**THE DATA**
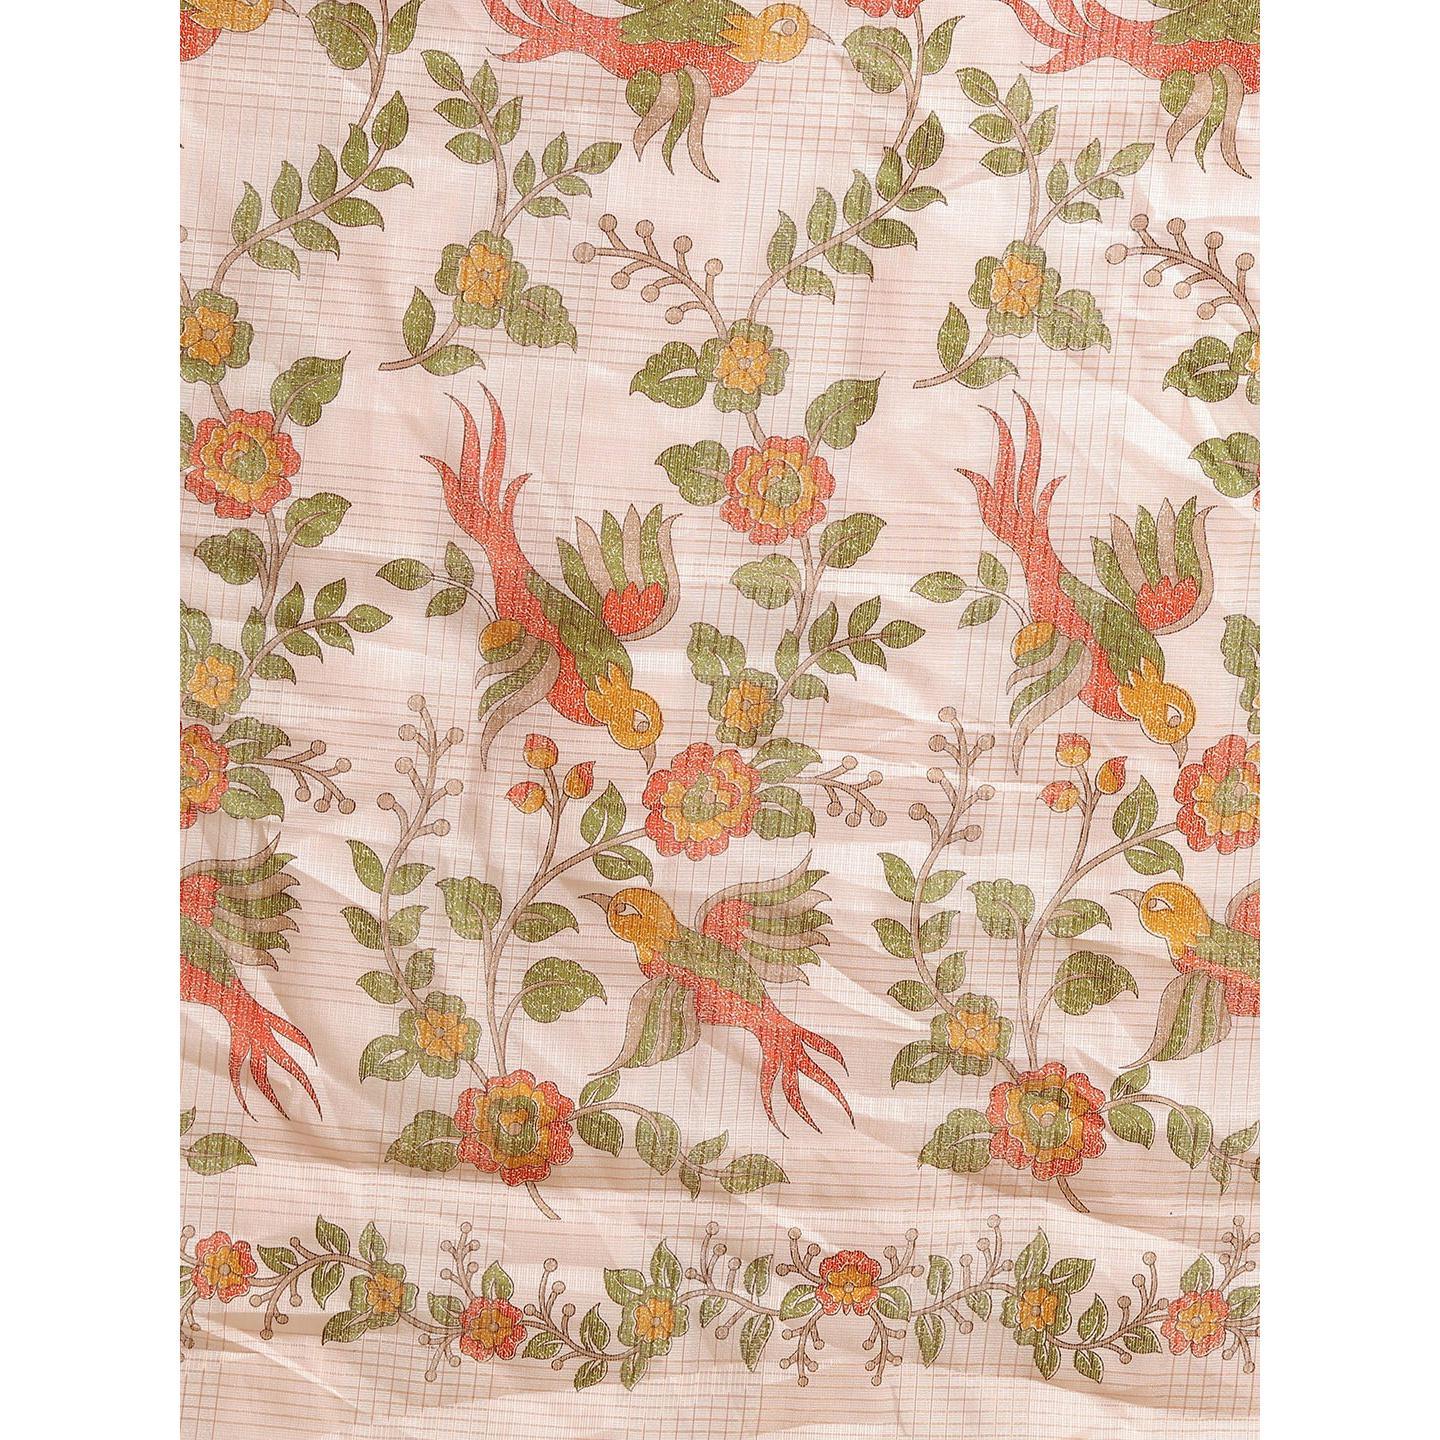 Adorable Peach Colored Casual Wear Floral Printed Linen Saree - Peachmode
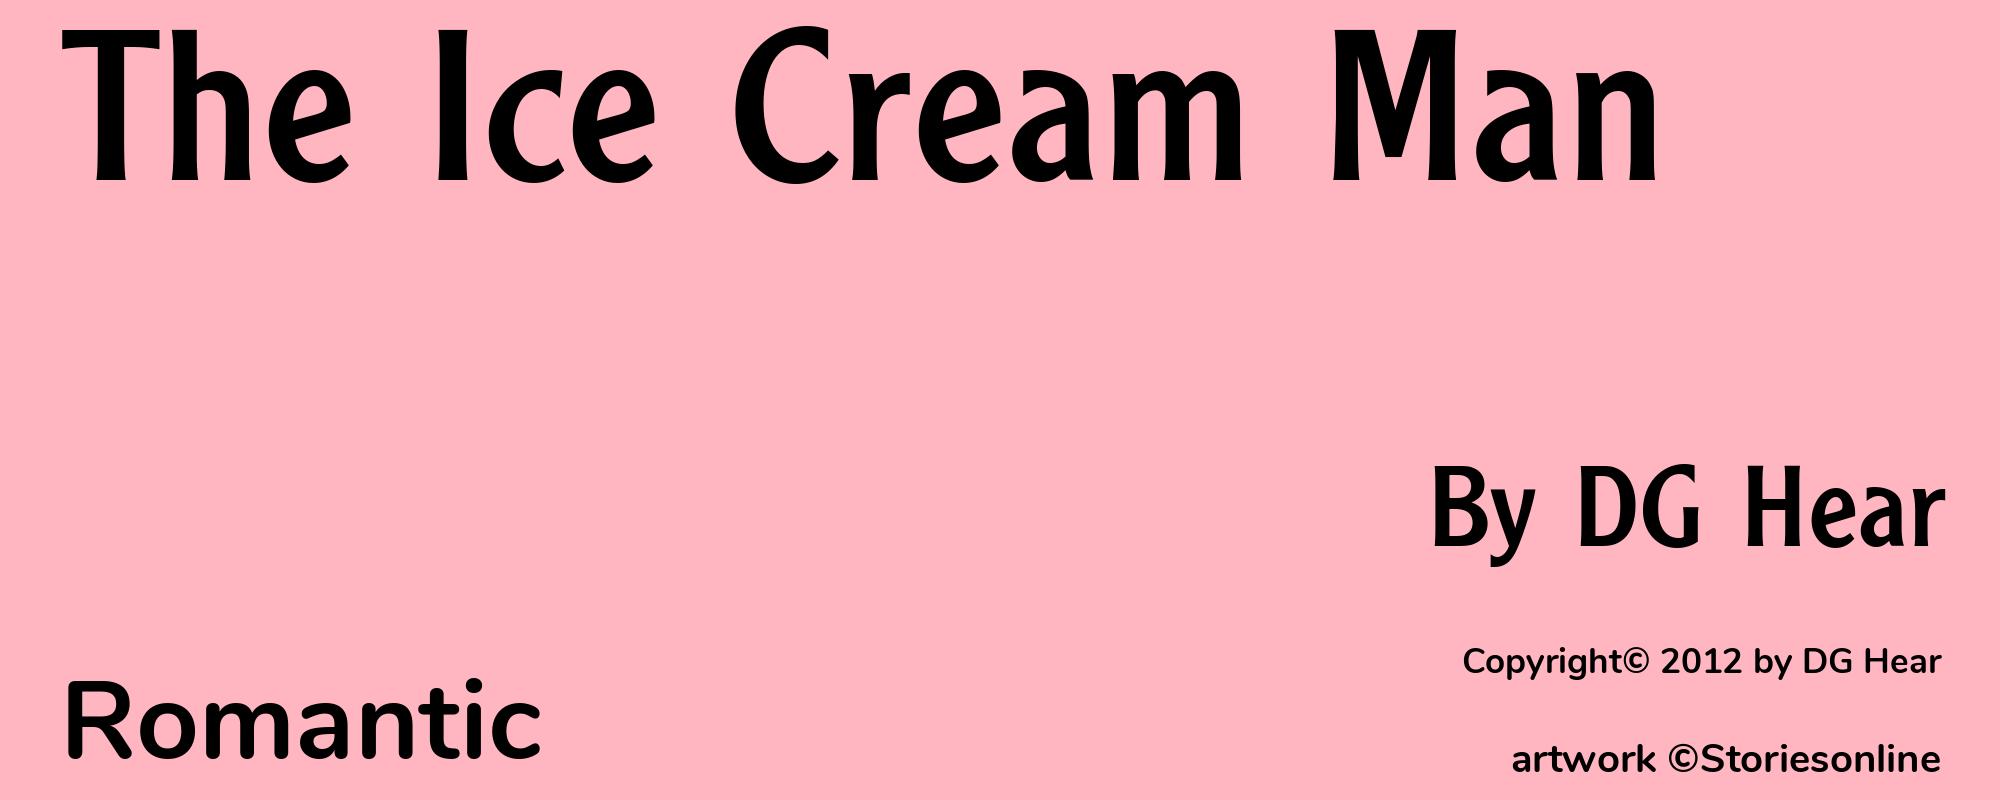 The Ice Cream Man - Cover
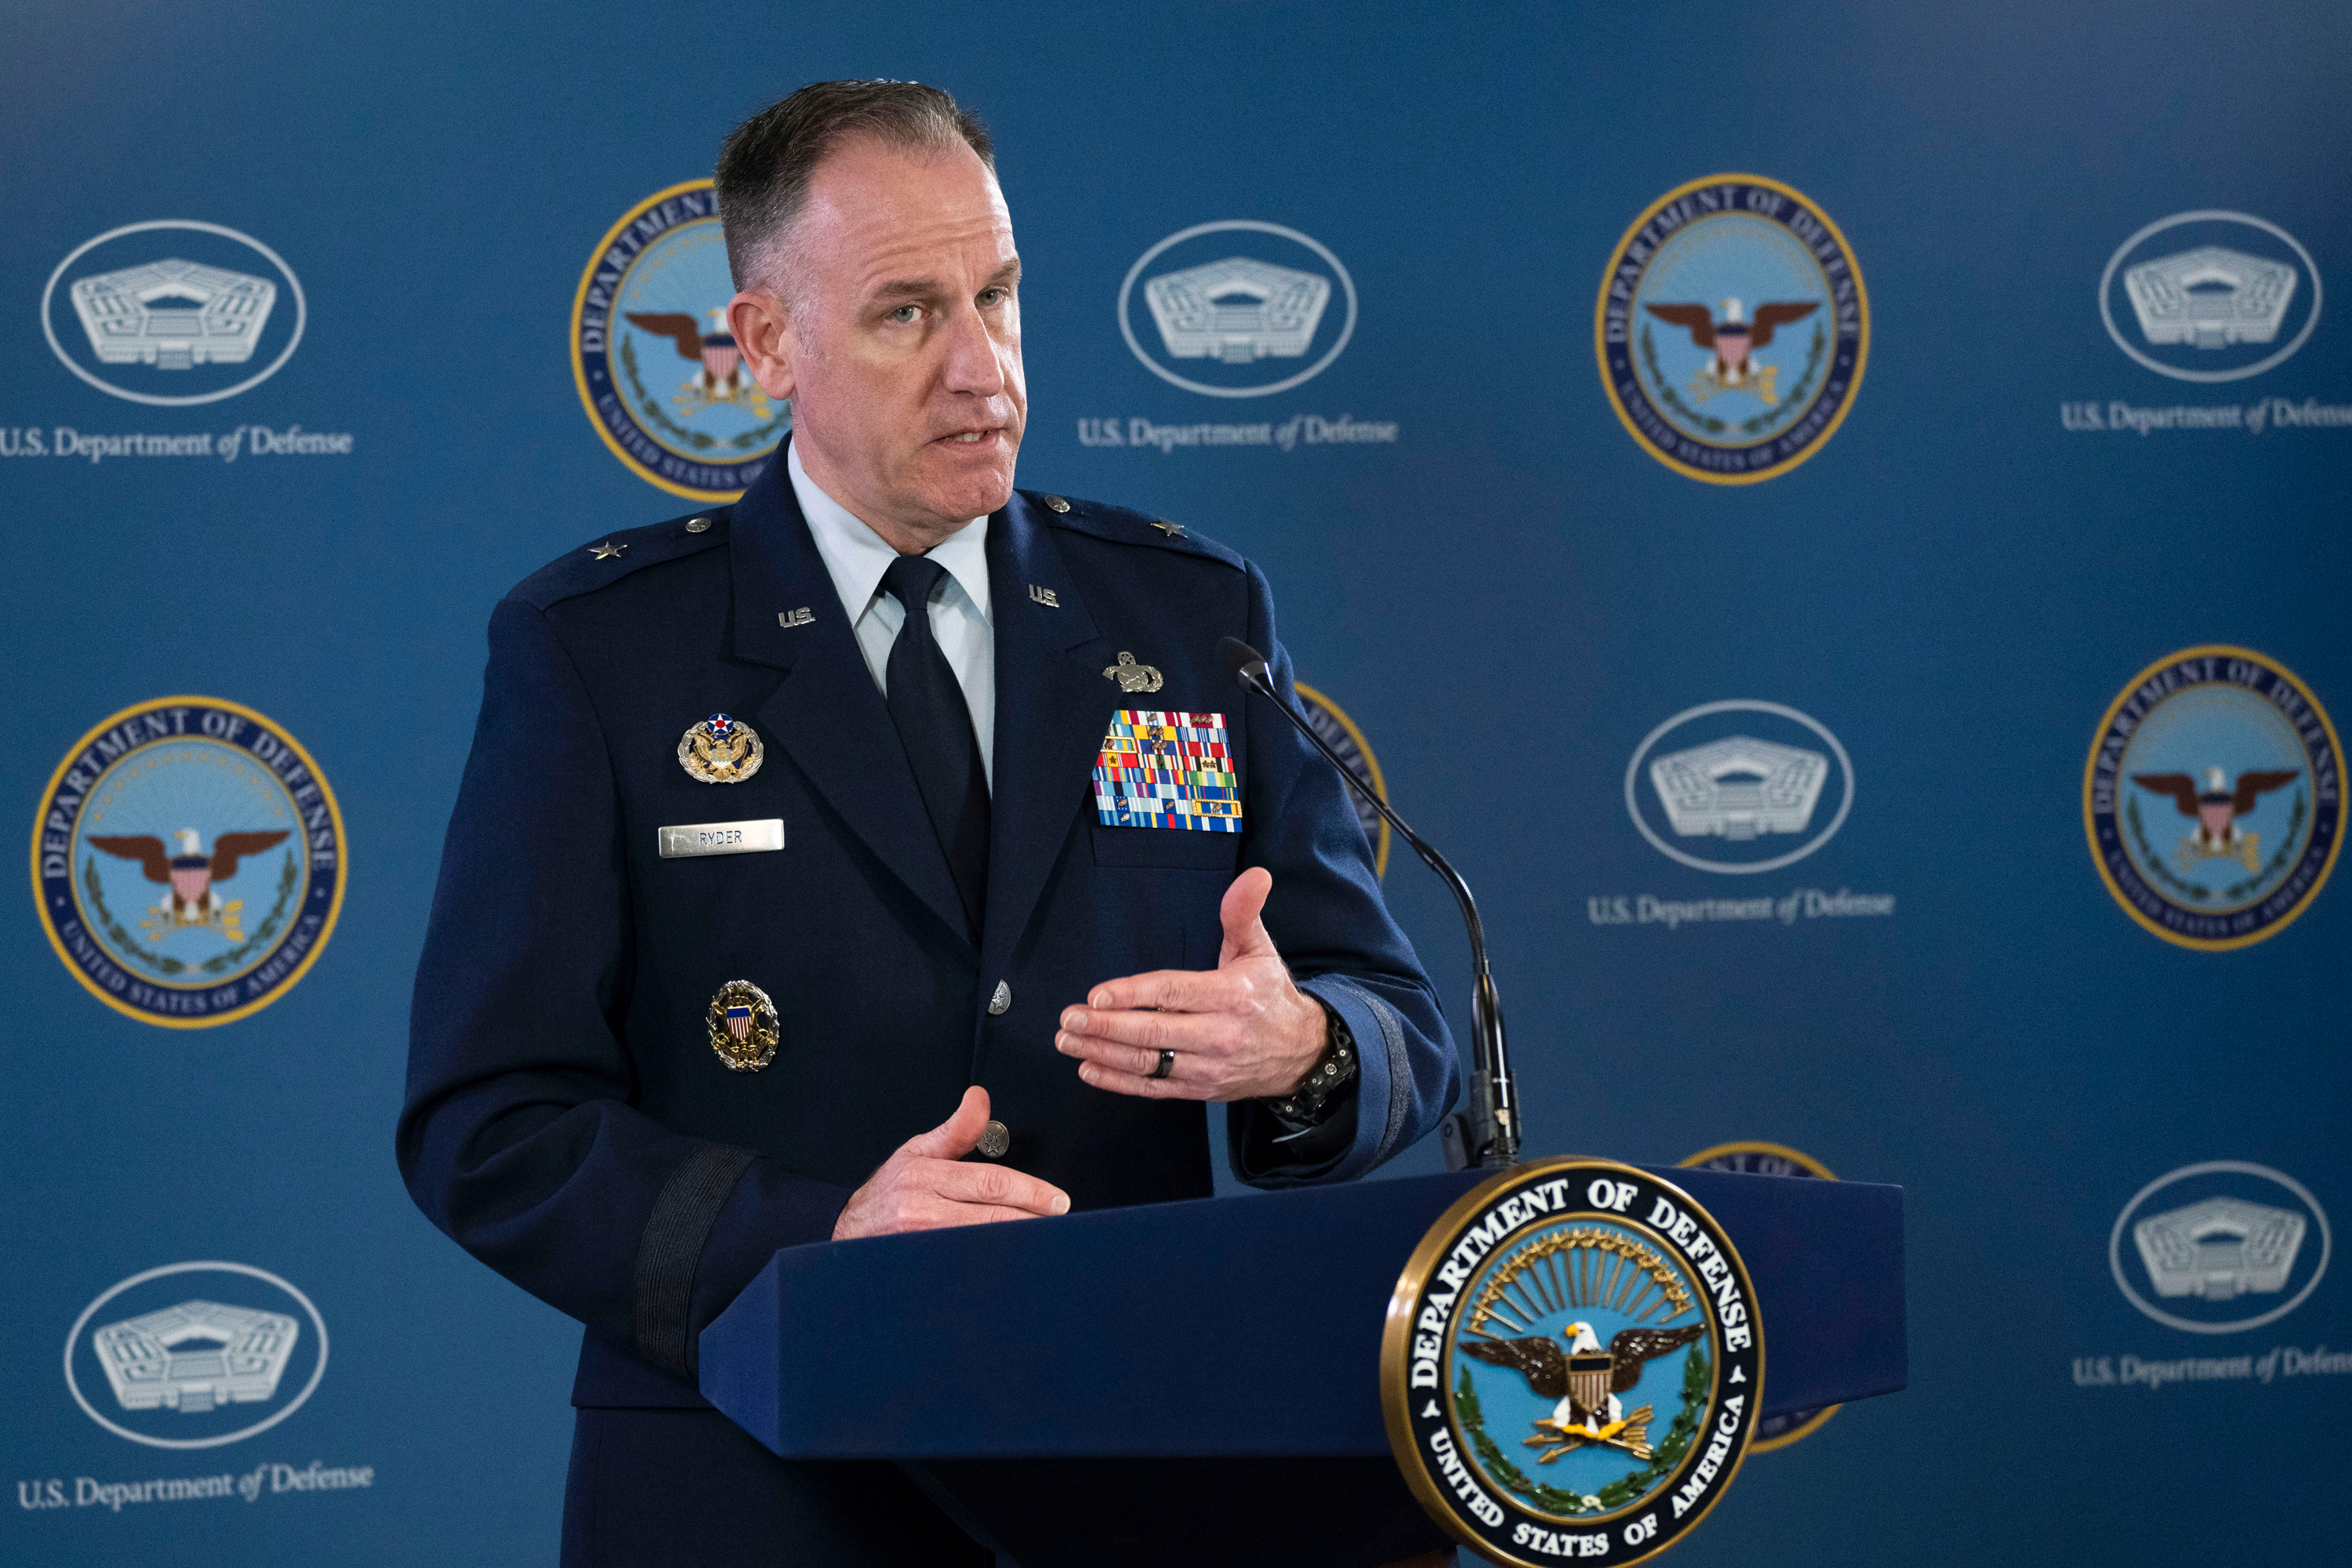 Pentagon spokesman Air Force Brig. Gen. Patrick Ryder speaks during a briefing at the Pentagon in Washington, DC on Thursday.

**WHAT THE TASK REQUIRES**
Word for word, reproduce the material above and omit each image.

**SOLUTION TO THIS TASK**
 Adorable Peach Colored Casual Wear Floral Printed Linen Saree - Peachmode
 The Ice Cream Man - Cover
 Pentagon spokesman Air Force Brig. Gen. Patrick Ryder speaks during a briefing at the Pentagon in Washington, DC on Thursday.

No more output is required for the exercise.